THERE IS A TAPE IN THE DINING ROOM

Like most of Anatomy, it is not a line that should be utterly terrifying. Consciously - thanks to it being the first moments of the game, and having absorbed enough of the game through osmosis to know the game is not heavy on jumpscares/whatever - I knew there was nothing truly to be scared of in that room that is going to rip my head off IRL. And yet the first two times I tried playing this game, the sheer intensity of just walking around the few innocuous rooms at the start of the game was enough to have me Alt-F4 before anything had even really happened.

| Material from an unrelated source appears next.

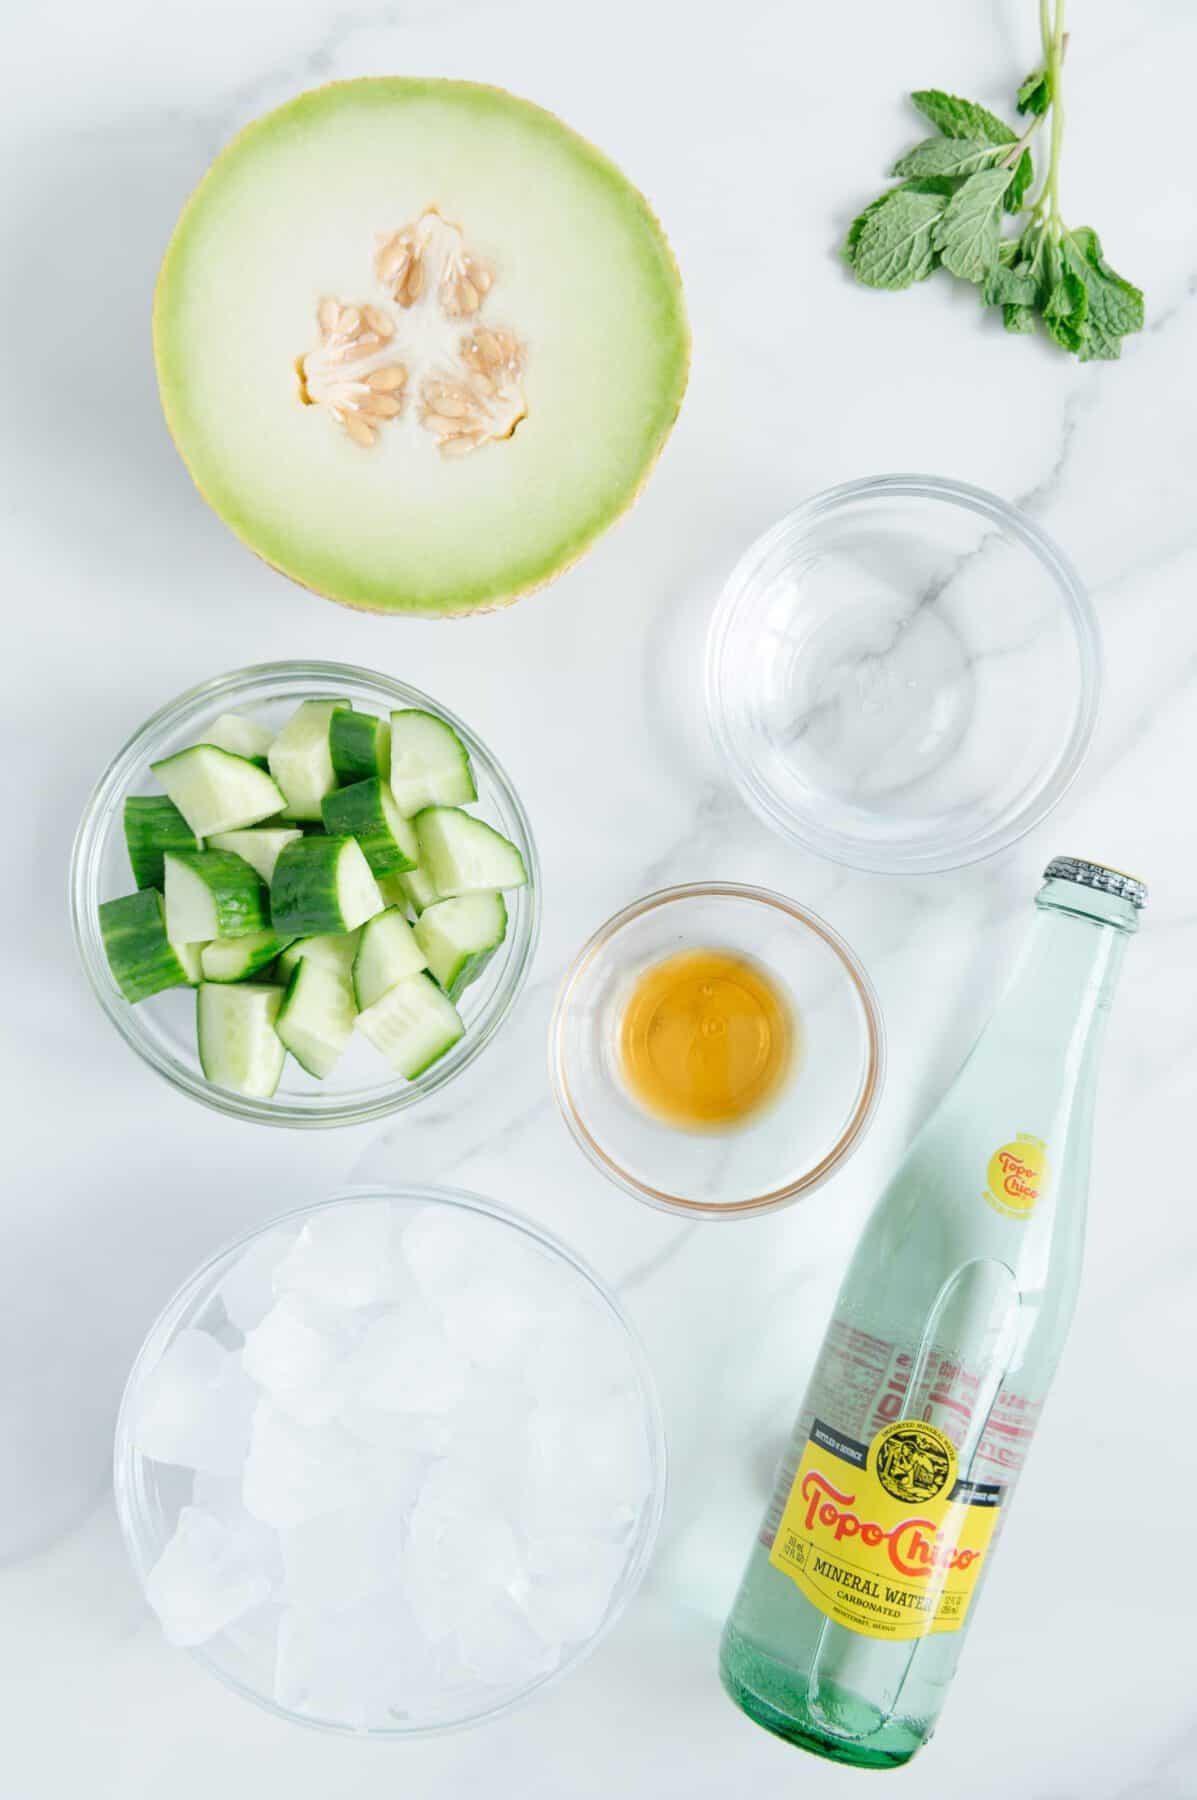 Cucumber Melon Spritzer Ingredients
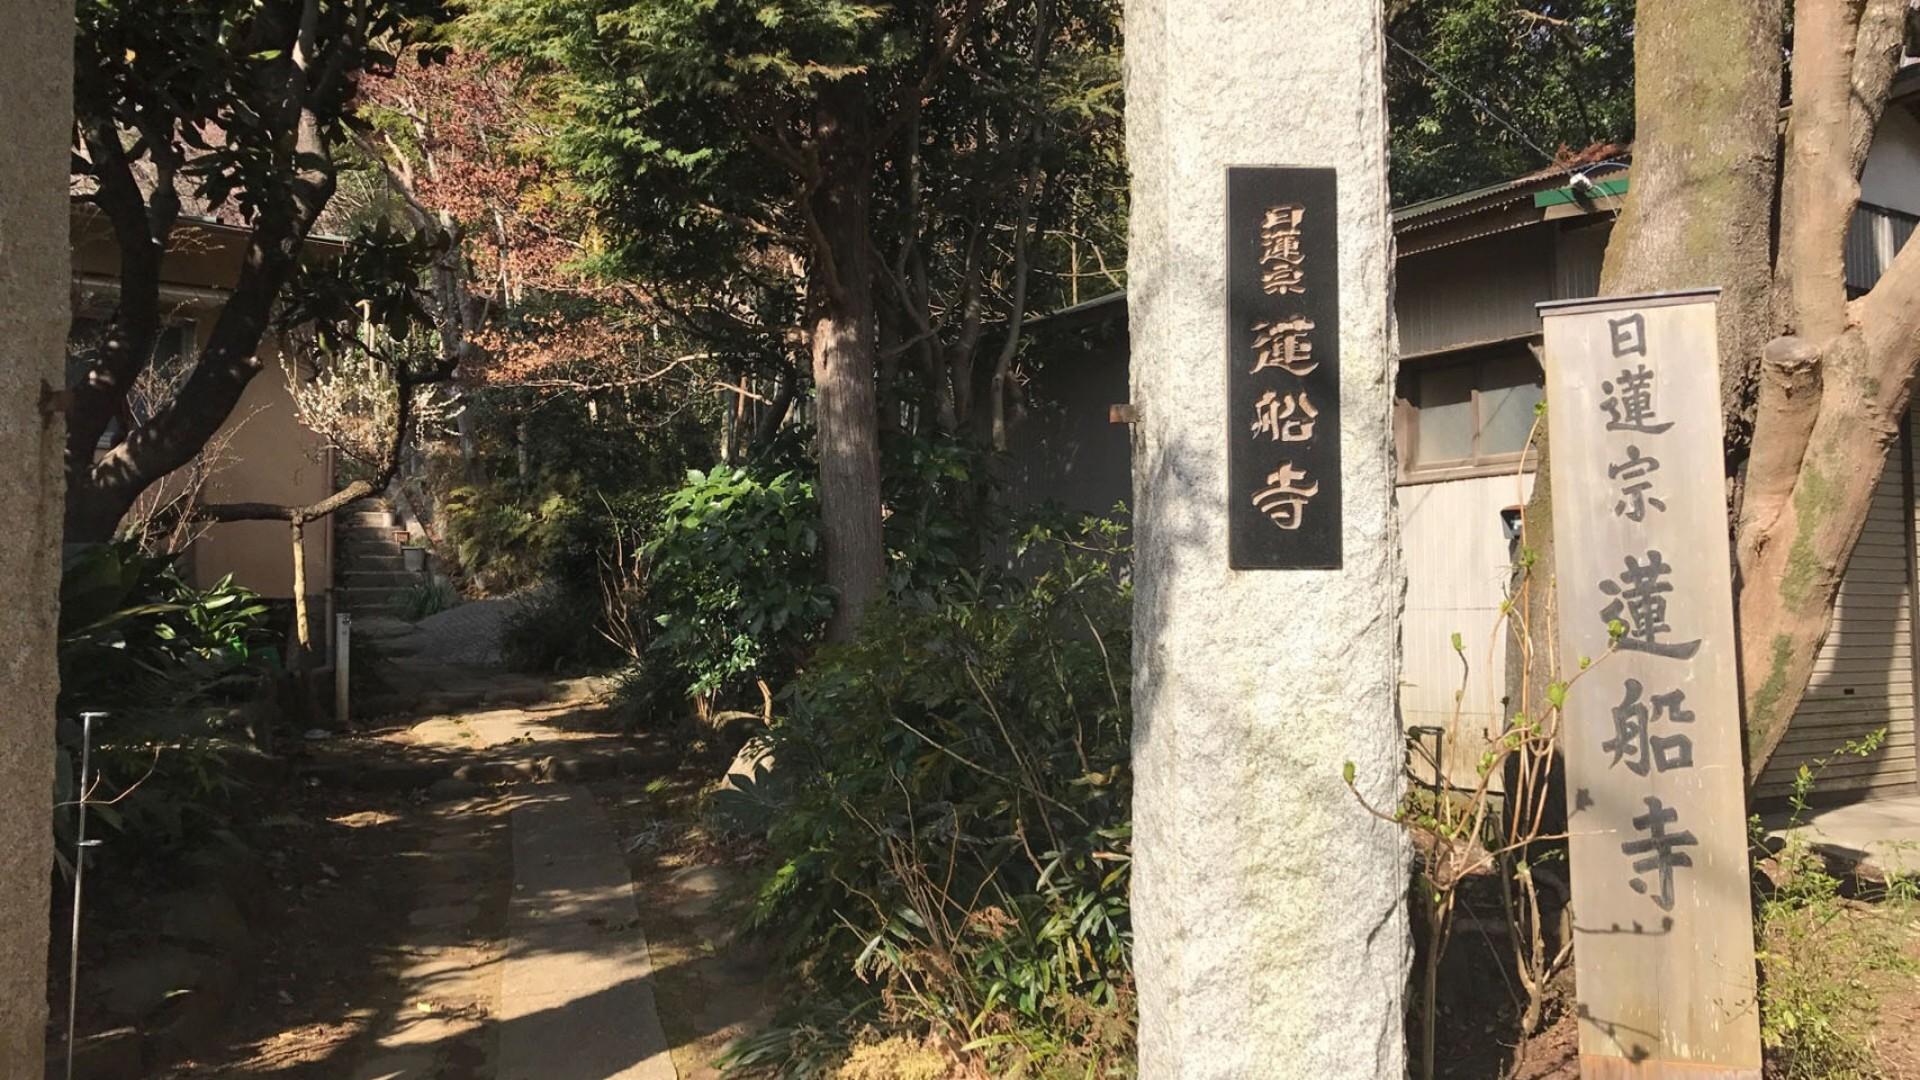 Temple Rensenji(Odawara Hachifukujin / Daikoku-sonten)

And yeah, I will concede, when it comes to this sort of thing I am a bit of a wuss. Particularly when it comes to the interface screw-y glitchy horror you get in a lot of Itch games, which Anatomy does like to throw at you.

But whilst that stuff always freaks me out, the general presentation of Anatomy is what really hooks under my skin. Just moving around the house has this weird feeling of intensity to it. The sound design is impeccable, the lighting just right, with a narrow field of view that makes it feel like the whole time you're never really sure you're alone. And of course, the fact that the game's setting is so deliberately ordinary adds this extra, primal layer to it all. Like an old memory of being alone in the house I grew up in and the fear that came with it resurfacing.

The main conceit of the horror is also really cool and well done. The concept of a place or location being the source of the horror itself is nothing new, but the intimacy of Anatomy adds a nice layer to it, especially with the very erudite sounding sciencey person who reads most of the tapes to you - the game's horror thesis is still gnawing at me a little, and I do kinda buy the point the guy on the tapes is saying...

So for a 30 minute experience of dread, Anatomy is fucking great. Probably the best horror game i've played since PT, even, and frankly, is very comparable to that game in general but for having less of a focus on direct scares. I do think it has issues - the game desperately, desperately needs subtitles and an actual options menu. It wouldn't clash with the game's aesthetic even as it basically already uses VHS closed captions on occasion. Without them i literally had to go find a subtitled playthrough on youtube to parse the entirety of some of the last tapes you collect. I would also say the game's one big actual scare is a bit dissapointing - its ok, and a perfect rounding out of the game's big theme, but looks a little goofy compared to the rest of what is an immaculate aesthetic, and is nowhere near enough of a crescendo to match up to the sheer dread built up before it.

Also, and this is the smallest of nits to pick, but the UNITY PERSONAL EDITION logo popping up every time you boot, for game that you will have to do so 3 times in 30 minutes to finish, is a bit immersion breaking for something that is otherwise so utterly captivating.

But don't let that take away anything too much from Anatomy. The small issues I have with the game are also mostly in retrospect. When playing it I haven't been as scared by media since PT, and it's theme is one that feels like it's going to linger with me for a while just like it. When a game makes walking down a simple Hallway I KNOW has nothing at the other end scary, that's when you know you're dealing with a properly excellent Horror creator.